# T-nut Fix



## piper184 (Jun 30, 2022)

Wanting to clamp a vise to the drill press table called for the use of T-nuts. I don't have a mill so making my own would have to be "old school" with a hack saw and file. Fortunately I found some already made for less than the price of the bar stock it would take to make them.

But when I tried to install the vise it wouldn't tighten down as the top of the nuts stood proud of the table top. Hmmm. Checked the nuts and they were all the same. Checked the slots and darned if that cheap import drill press didn't have any consistent measurements in the t-slots. I think they were cast but never machined. Anyway, it seemed simple enough, just take the top off of the nuts until they were a couple of thousands under the table top. A simple job, if you have a mill.
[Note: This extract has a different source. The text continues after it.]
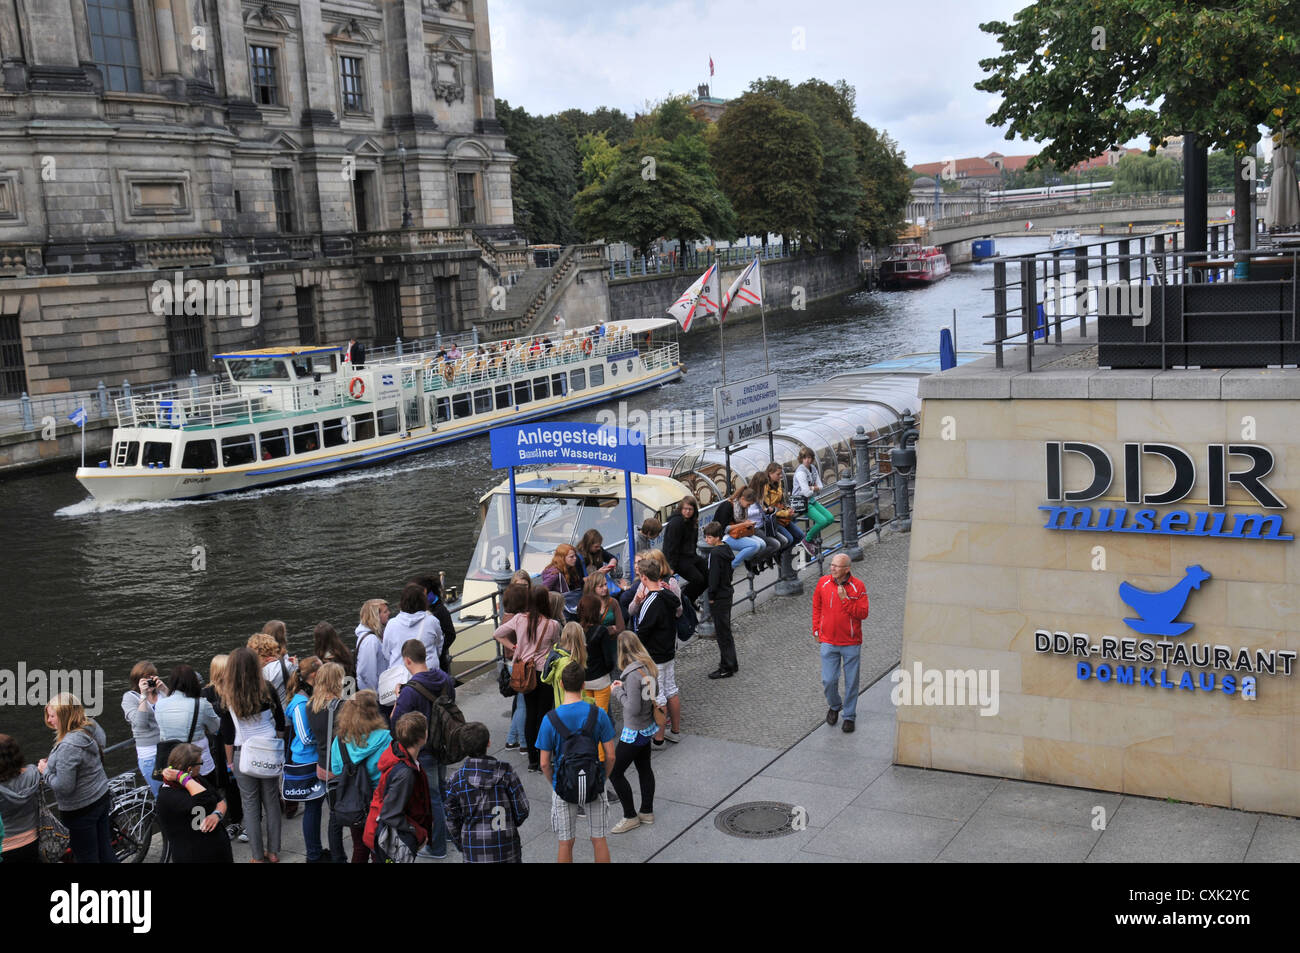 La rivière Spree et DDR museum Berlin Allemagne Banque D'Images

I could go old school and scribe a line on the nut and file it down in a vise. Or I could go all Tim Allen and use an angle grinder for a quick fix. But Damnit Jim, I'm a machinist, not a doctor.... Oh, wait, wrong series...
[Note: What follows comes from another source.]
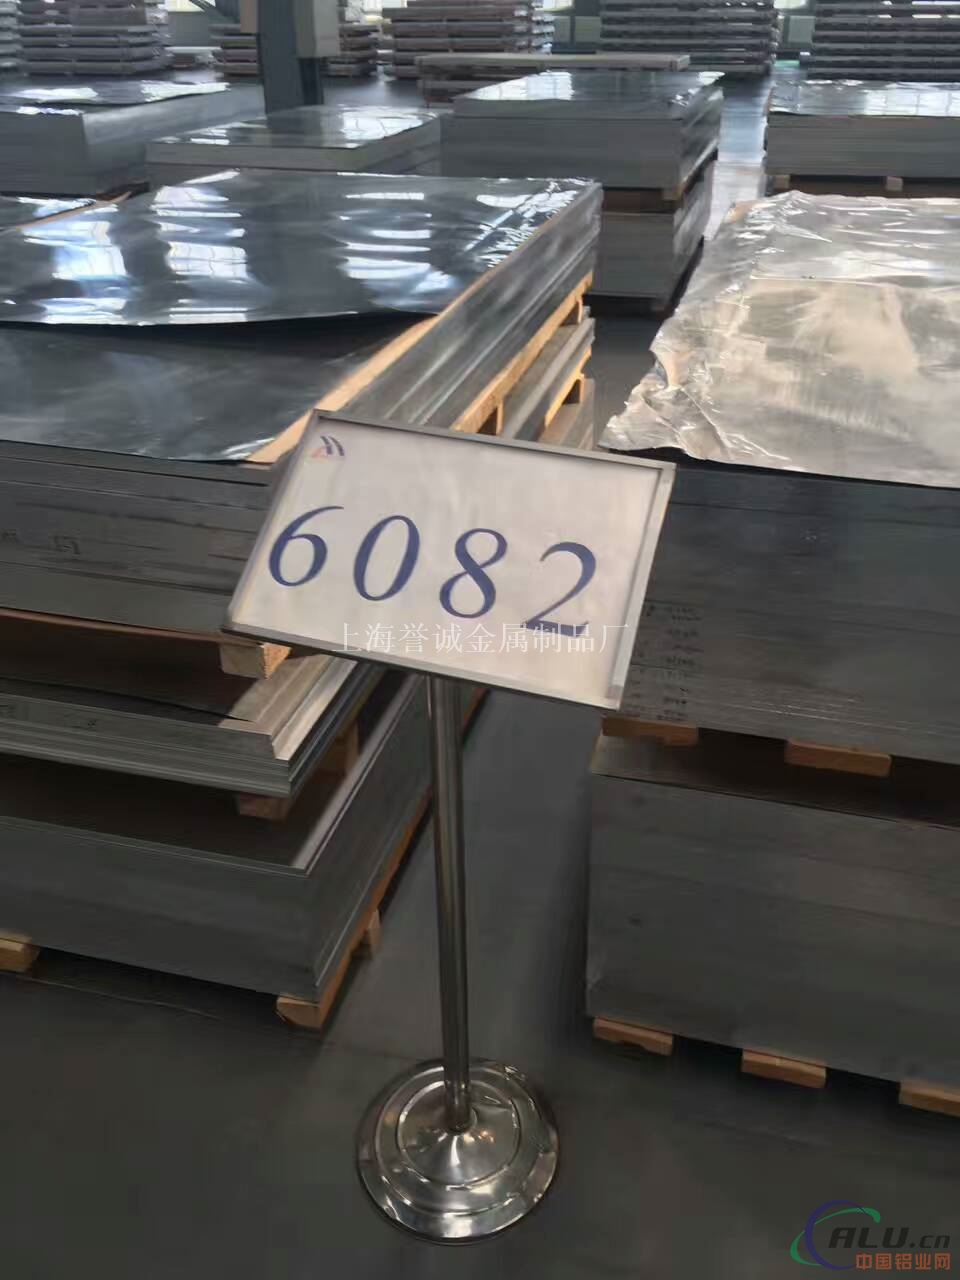 6082-T6铝棒硬度

I've only had a lathe for a few months but every problem now looks like a lathe solution. Should be simple, chuck up a nut and face it off. Oops. Can't find a way to hold the nut in either the 3 or 4 jaw chucks that allows a good grip and good clearance from the tool to the chuck. Hmm. I could spin the nut onto a bolt and chuck that up. BUT the nuts have incomplete threads in the bottom of the hole to keep the bolt or stud from jacking into the table. I like that feature and wanted to keep it. Briefly thought about tapping the holes all the way through, doing the facing and then spoiling the threads again. That seemed like an option, but like the angle grinder, not very eloquent. 

Then I had this idea. Use a piece of all thread (a bolt would work too) and turn off the threads for a distance that was at least as deep as the jaws to get a full grip. Then drop this mandrel into the nut from the top and thread it in until it bottomed out on the incomplete threads. Put this in the chuck and tap the nut to make sure it it tight against the jaw faces. The spinning forces want to un-screw the nut but to come loose it has to move toward the jaws so it is trapped.
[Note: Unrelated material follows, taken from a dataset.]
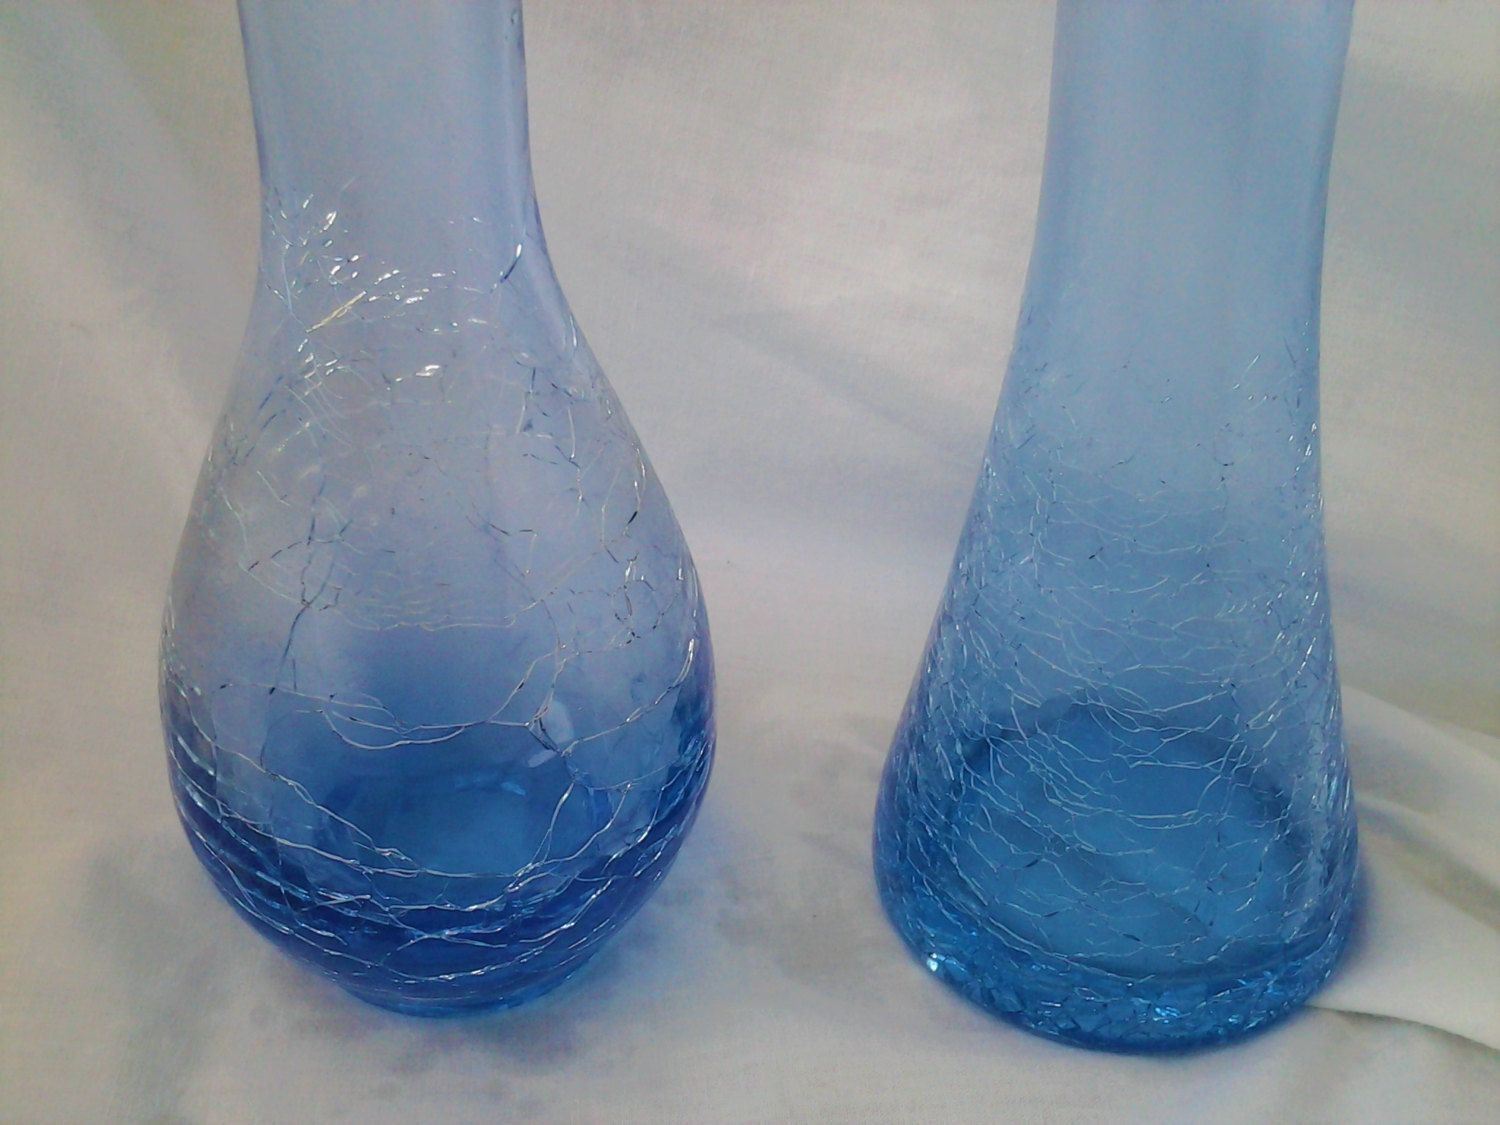 rose quartz vase of vintage crackled blue vase vintage coloured and clear glass vases pertaining to vintage crackled blue vase

From there it was an easy face to dimension for each nut. Since the crappy table had 4 slots, all different dimensions I opted to just scribe a line and turn a couple of thousands under it. I also stamped numbers at each slot and matching numbers on each nut to avoid confusion in the future.


----------



## extropic (Jun 30, 2022)

That's one way to go about it.

Quality T nuts are case hardened and, in addition to the interrupted cut, may be tough on your lathe tooling.

I vote for disc/belt/angle abrasive attack to get through the hard. Maybe clean up on the lathe to appease your OCD.
Make them all the same height. Number matching to the DP table slots is a bunch of unnecessary complexity.

YMMV


----------



## piper184 (Jun 30, 2022)

Yeah, I knew these el-cheapo nuts were just mild steel. Quality stuff not needed for this application. Would be different if I had a mill and all the cool clamp down fixtures. In hindsight, I could have just made them all the shortest height needed. Sometimes I just get caught up in "the process". In all likelihood, these nuts will never leave the slots even if I do take the vise off from time to time. Oh well, more for the learning curve.
For me it was more about figuring out how to hold the nuts in the chuck than that actual results. I have learned a lot about unusual setups from Quinn of Blondihacks.
I did make my first HSS tool for the lathe as I knew the interrupted cut would play havoc with the carbides that came with the lathe. It was a crude grind for my first attempt but it did work fairly well.
As a side note, I have had fairly good luck resharpening the carbide tools using el-cheapo diamond wheels for my Dremel instead of the special green wheels for the bench grinder. If you see sparks from your carbide tool it is surely chipped at that point. Ask me how I know. Learning curve...


----------